On the other hand, energy consumption is critical for many battery-operated embedded and real-time systems. However, although techniques such as dynamic voltage/frequency scaling (DVS) [WeiserWDS94] have been available in most modern processors, these energy-aware aspects have not been considered in the recently proposed semi-partitioned fixed-priority multi-core scheduling algorithms with high utilization bound.

In order to understand the energy implications of these semi-partitioned fixed-priority multi-core scheduling algorithms, this paper explores the possibility of applying DVS to two recently proposed semi-partitioned fixed-priority multi-core scheduling algorithms: SPA2 [Guan:2010:FMS:1828428.1829220] introduced by Guan et al. and PDMS_HPTS_DS (PHD) [Lakshmanan:2009:PFP:1581378.1581523] introduced by Lakshmanan et al. Among the two techniques, SPA2 could reach a utilization bound of 69.3% and PHD 65%, both considerably higher compared to the previous approaches in priority-based multi-core scheduling.

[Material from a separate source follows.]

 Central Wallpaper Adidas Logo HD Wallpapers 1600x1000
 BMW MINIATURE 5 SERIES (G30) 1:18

Because neither algorithm has considered energy in their approaches, we introduce two different methods to apply DVS to the above two multi-core scheduling algorithms (SPA2 and PHD):

  • Static DVS: We first develop an extended DVS algorithm based on the traditional DVS algorithm for fixed-priority scheduler [Pillai:2001:RDV:502034.502044], and apply it after scheduling with task-splitting to evaluate the schedulability and energy savings. To be specific, we set the maximal frequency for certain split sub-tasks, so that all the former sub-tasks could finish before the latter ones release. This ensures that the scheduling will meet the timing requirements on synchronization for split tasks.

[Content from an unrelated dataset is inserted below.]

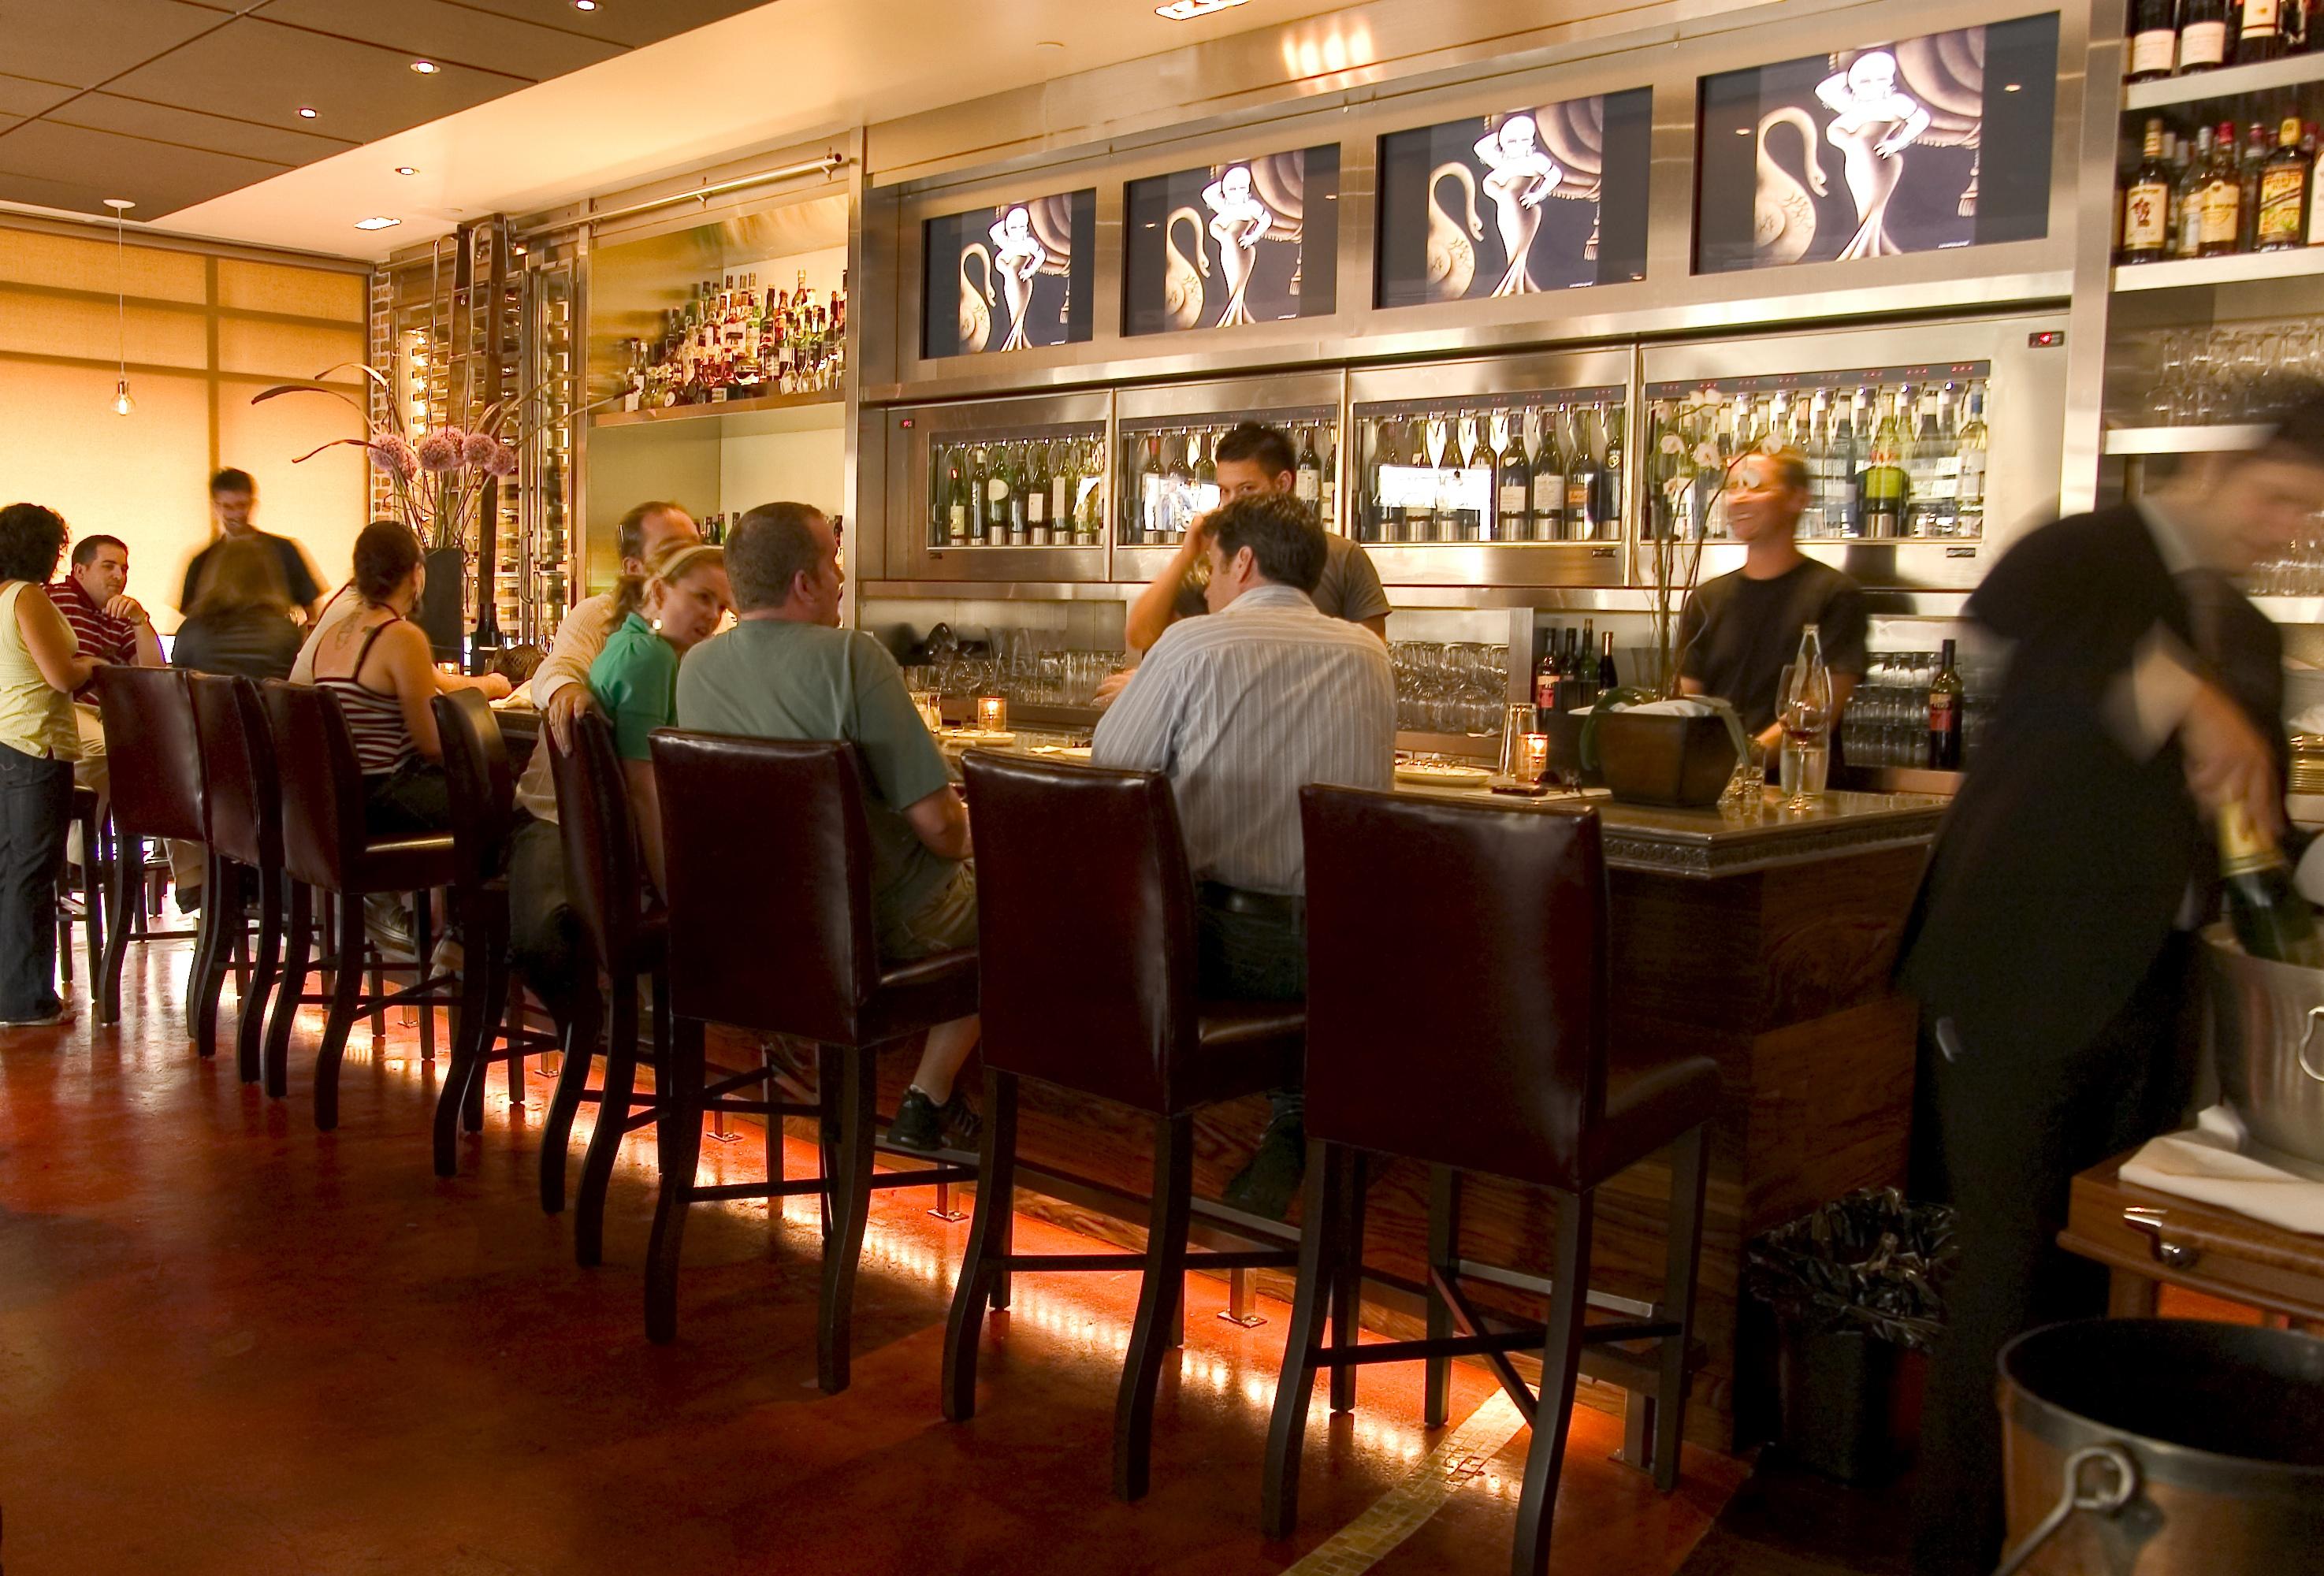 The bar inside Proof on G street in Washington, D.C.

  • Adaptive DVS: We then propose a new algorithm, which adaptively determines the frequency of each task before scheduling in order to achieve better performance on both schedulability and energy consumption. Adaptive DVS actually schedules the tasks with prolonged execution time based on DVS, while ensuring that all the tasks meet the timing requirements after DVS. Specifically, the frequency is determined by the total utilization of task-set and the number of cores available, pursuing the maximal balance of tasks in each processor and therefore getting considerably more energy saving compared to the static DVS approach.

In order to evaluate the two approaches mentioned above, we developed a simulator to compare their schedulability and energy consumption with different configurations including different total utilization and different number of processor cores.

In terms of schedulability, PHD performs much better than SPA2 when the utilization is over 70% (Both algorithms can be one hundred percent schedulable when the utilization is below 65% due to their utilization bounds). PHD can keep its schedulability at more than 90% when the utilization reaches 90%, while SPA2 sharply decreases to zero.

When considering their energy consumption, PHD with static DVS algorithm nearly gets close to the worst case. PHD with adaptive DVS saves most energy because of its equal distribution of tasks to every core available. Overall, the simulation results show that PHD with adaptive DVS algorithm has demonstrated lower energy consumption compared to the other three strategies while maintaining the good schedulability of PHD.

The main contribution of this paper is that we explored the possibility of applying DVS to semi-partitioned fixed-priority multi-core scheduling algorithms. We have presented two different approaches to apply DVS, and simulation results shows that energy-aware scheduling is achievable without affecting the schedulability of two state-of-the-art algorithms. To the best of our knowledge, this is the first work considering energy-efficient multi-core scheduling with task-splitting.

The rest of the paper is organized as follows: Section 2 introduces the background information and assumptions, as well as notations used in this paper. The proposed static DVS and adaptive DVS algorithms are presented in Section 3 and 4 respectively. Section 5 presents the experimental evaluation of scheduling and DVS schemes. In Section 6, we review the related work, which focuses on multi-core scheduling for real-time system and energy-aware approaches. We conclude the paper with Section 7.

2 Preliminaries

This section introduces the background information and assumptions, as well as notations used in this paper.

2.1 Task Model

We shall use the following notation throughout this paper. We consider a task-set comprising of periodic tasks. This task-set is assigned to processor cores. We use the classical model to represent the parameters of a task , where represents the worst-case computation time at maximal frequency of each job of , represents the period of T , and is defined as the deadline of each job of relative to job release time. For a task without split, its deadline equals to its period . When it comes to a subtask of a split task, its deadline is less than its period , in order to set aside time for other subtasks from the same split task.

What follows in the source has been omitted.